This is the code repository accompanying the paper Private post-GAN Boosting by Marcel Neunhoeffer, Zhiwei Steven Wu and Cynthia Dwork.
If you have any questions feel free to email Marcel Neunhoeffer.
Abstract:
Differentially private GANs have proven to be a promising approach for generating realistic synthetic data without compromising the privacy of individuals. However, due to the privacy-protective noise introduced in the training, the convergence of GANs becomes even more elusive, which often leads to poor utility in the output generator at the end of training. We propose Private post-GAN boosting (Private PGB), a differentially private method that combines samples produced by the sequence of generators obtained during GAN training to create a high-quality synthetic dataset. Our method leverages the Private Multiplicative Weights method (Hardt and Rothblum, 2010) and the discriminator rejection sampling technique (Azadi et al., 2019) for reweighting generated samples, to obtain high quality synthetic data even in cases where GAN training does not converge. We evaluate Private PGB on a Gaussian mixture dataset and two US Census datasets, and demonstrate that Private PGB improves upon the standard private GAN approach across a collection of quality measures. Finally, we provide a non-private variant of PGB that improves the data quality of standard GAN training.
post_GAN_functions.R
and post_GAN_functions.py
contain the implementation of our proposed approach.

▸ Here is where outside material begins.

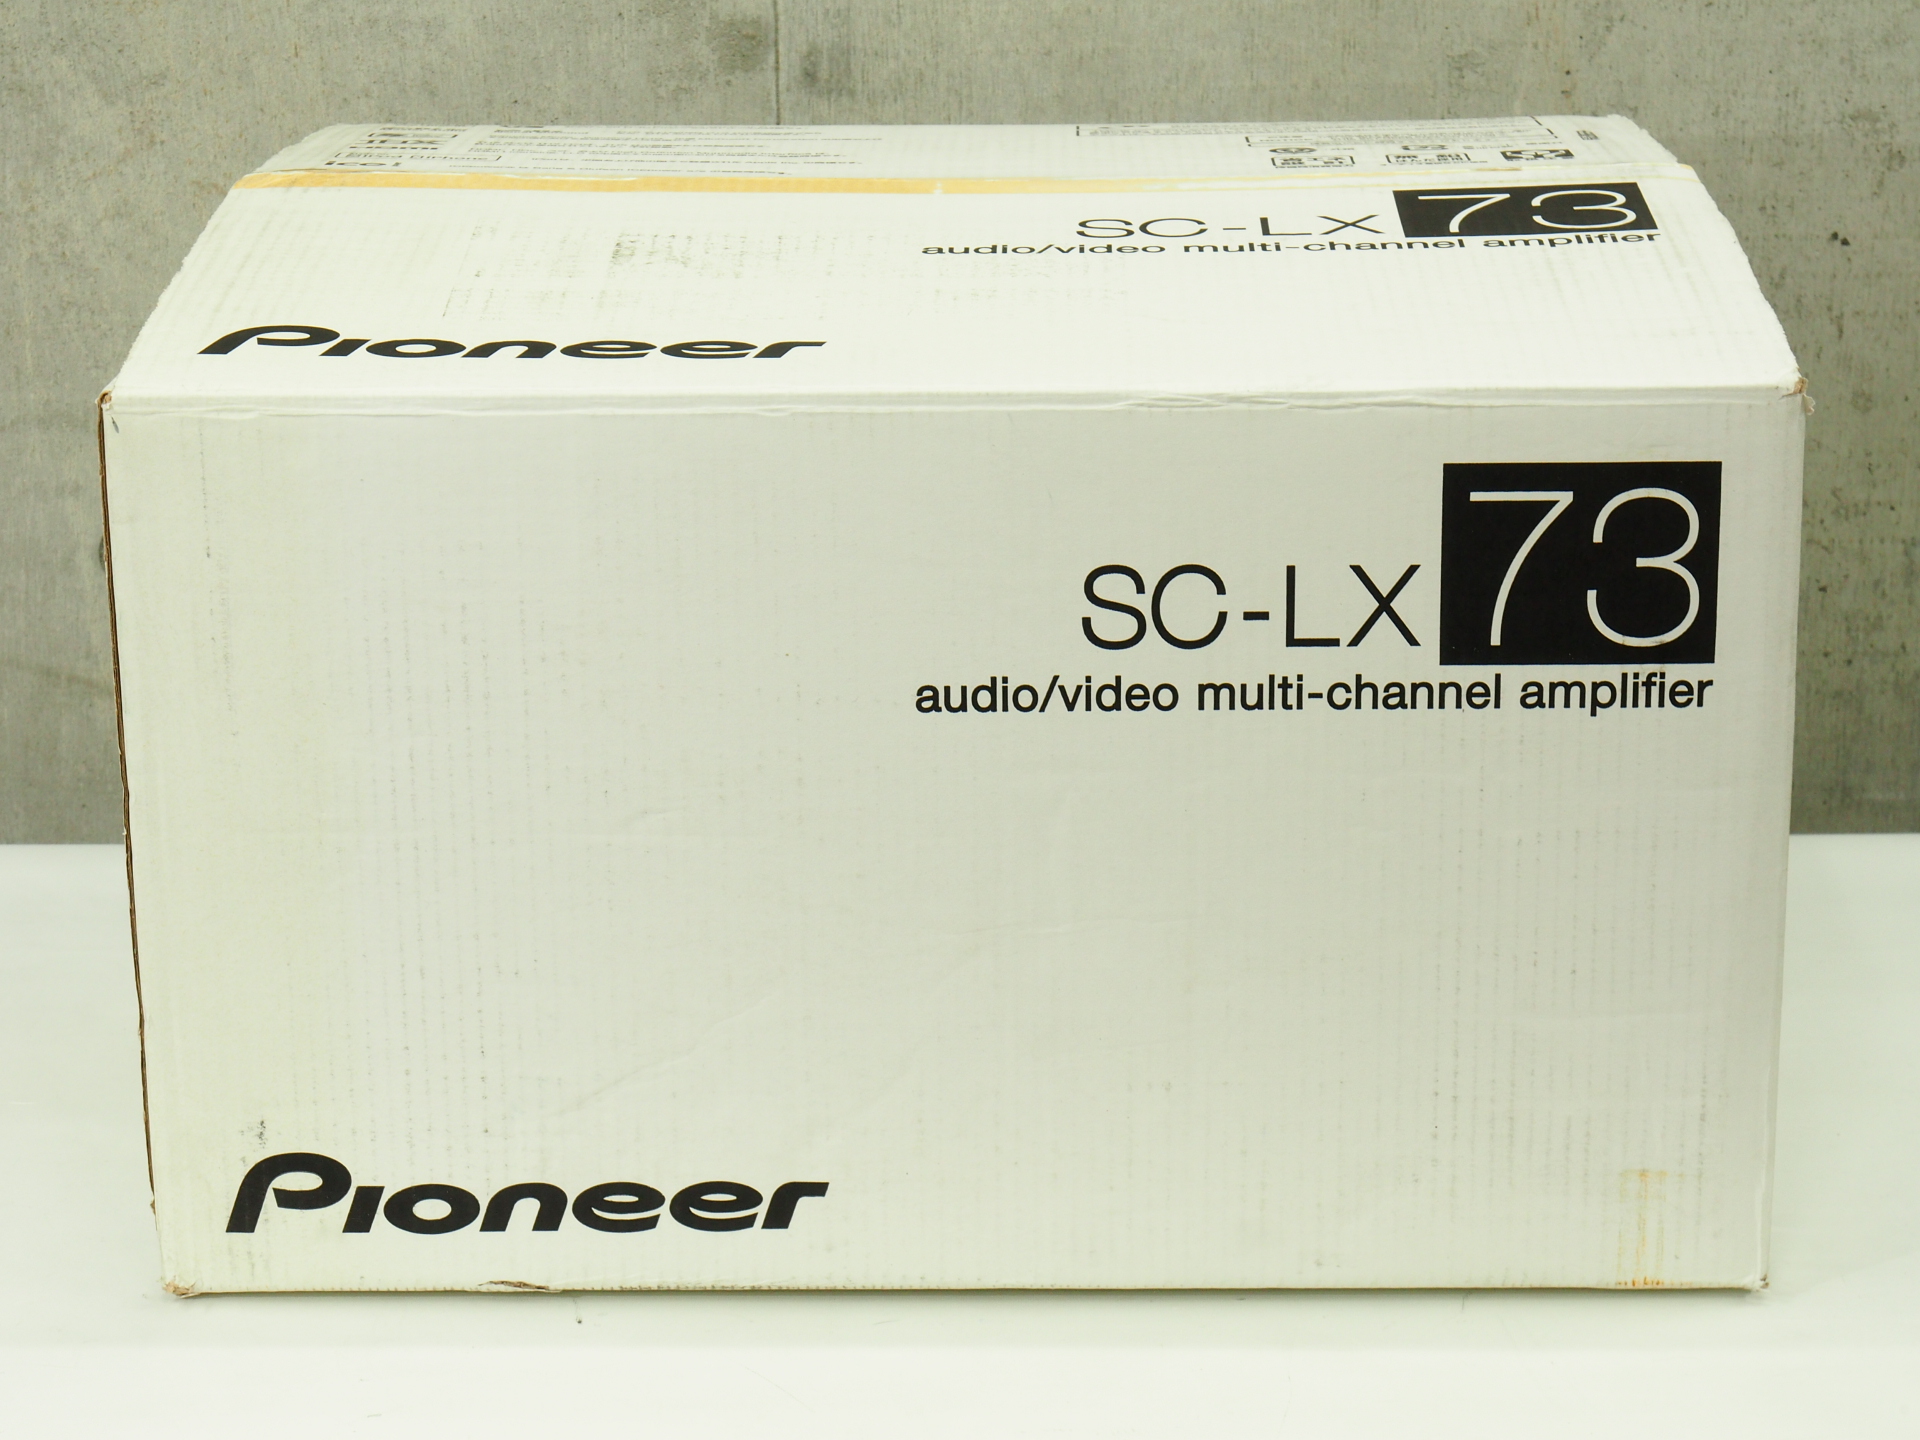 アバックWEB-SHOP / 【中古】Pioneer SC-LX73-特【コード01-10679】AV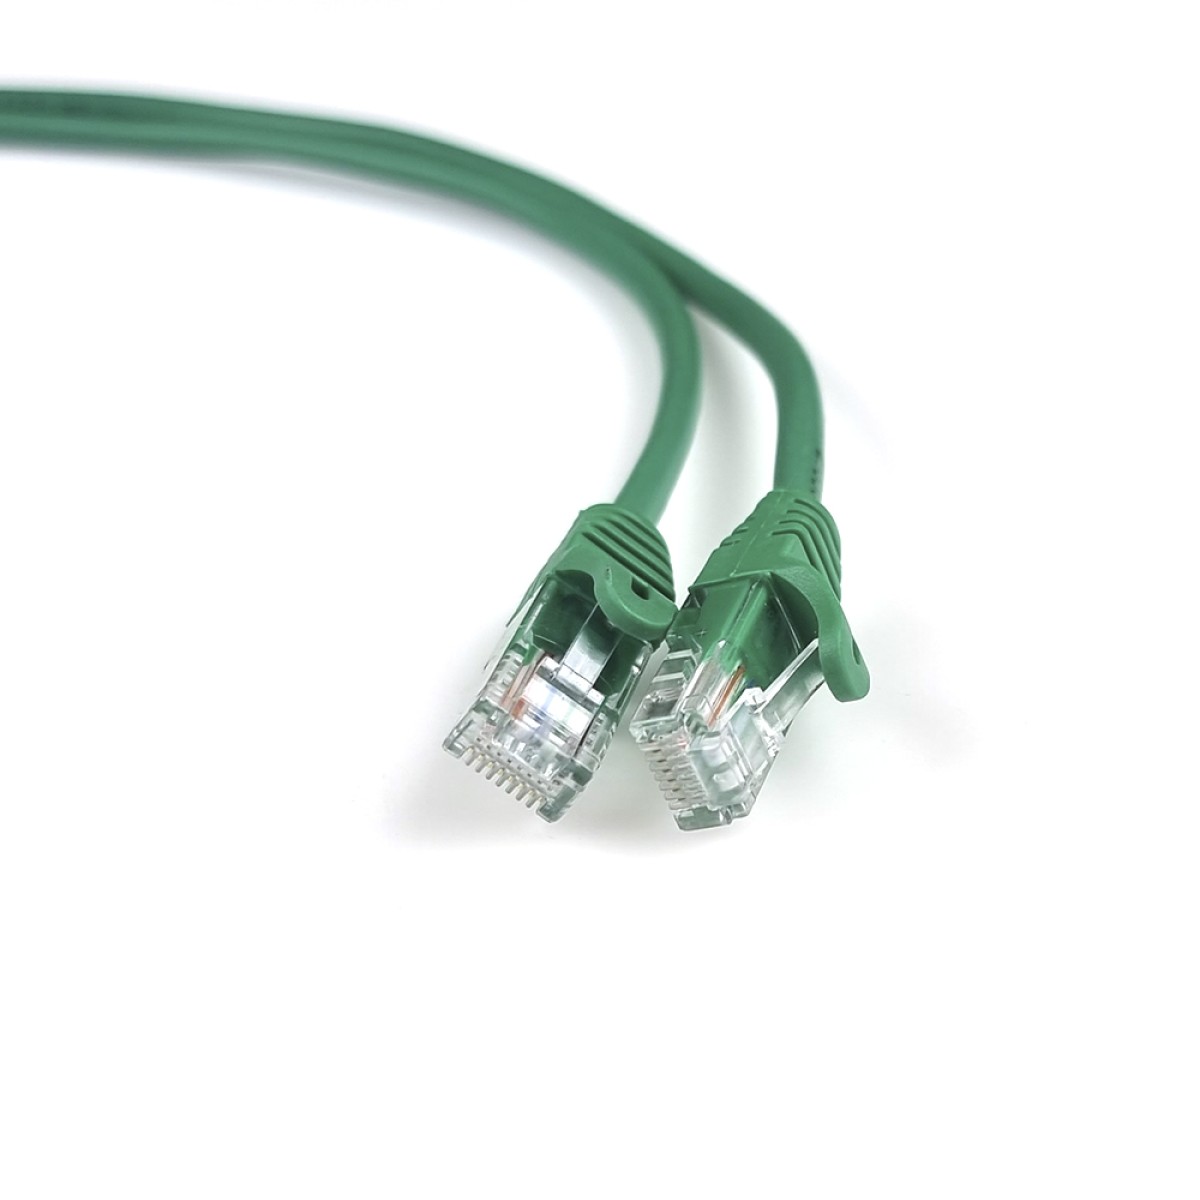 Интернет кабель RJ45 UTP литой зеленый 2м кат. 5Е 98_98.jpg - фото 3

All of our hyperparameter choices are documented in the code and in the README files for each experiment.
These instructions will get you a copy of the project up and running on your local machine to replicate the experiments.
Data pre-processing and post-processing are done in R (and python via R). The GAN training is done directly in python. Therefore, an installation of R and python is needed. Optionally RStudio can be used to run through the experiments interactively.
The computing infrastructure we used is the following:
- OS: Ubuntu 18.04.4 LTS
- CPU: Intel(R) Core(TM) i7-9700K CPU @ 3.60GHz
- GPU: GeForce RTX 2070
- CUDA: 10.0.130
- CUDNN: 7.6.5
We used the following setup of R and RStudio:
R version 3.6.2 (2019-12-12)
Platform: x86_64-pc-linux-gnu (64-bit)
Running under: Ubuntu 18.04.4 LTS
Matrix products: default
BLAS: /usr/lib/x86_64-linux-gnu/blas/libblas.so.3.7.1
LAPACK: /usr/lib/x86_64-linux-gnu/lapack/liblapack.so.3.7.1
RStudio Server 1.3.776
All necessary R libraries will be installed and loaded upon running the 00-setup.R
in an experiment.
This GAN code was written and tested using python 3.7.7
. All packages in the environment are documented in requirements.txt
. You can create a new python environment with python 3.7.7
, activate the environment and run pip install -r requirements.txt
. This will get you ready to go.
If installing tensorflow privacy
does not work with pip install -r requirements.txt
, follow the instructions here to install it manually.
All experiments (toy-example, census-1940, census-2010 and titanic) follow the same structure.
The two most important folders for each experiment are scripts/
and raw-data/
.
scripts/
contains all the code needed to run the experiments. It contains:- a script to setup the R environment,
- a script to pre-process the raw data sets,
- a script to run the GAN,
- a script to post-process the GAN output,
- and a script to summarize the results (e.g. in figures or tables as in the paper).
raw-data/
holds the raw unprocessed data sets for the respective experiment.
All other folders will be filled when executing the scripts.
- Set your working directory (for R and python respectively) to the folder of the experiment you want to run.
- If you work with RStudio this will be automatically taken care of if you open the
.Rproj
file for the experiment.
- If you work with RStudio this will be automatically taken care of if you open the
- Follow the order of the script files, and you should be able to replicate our results.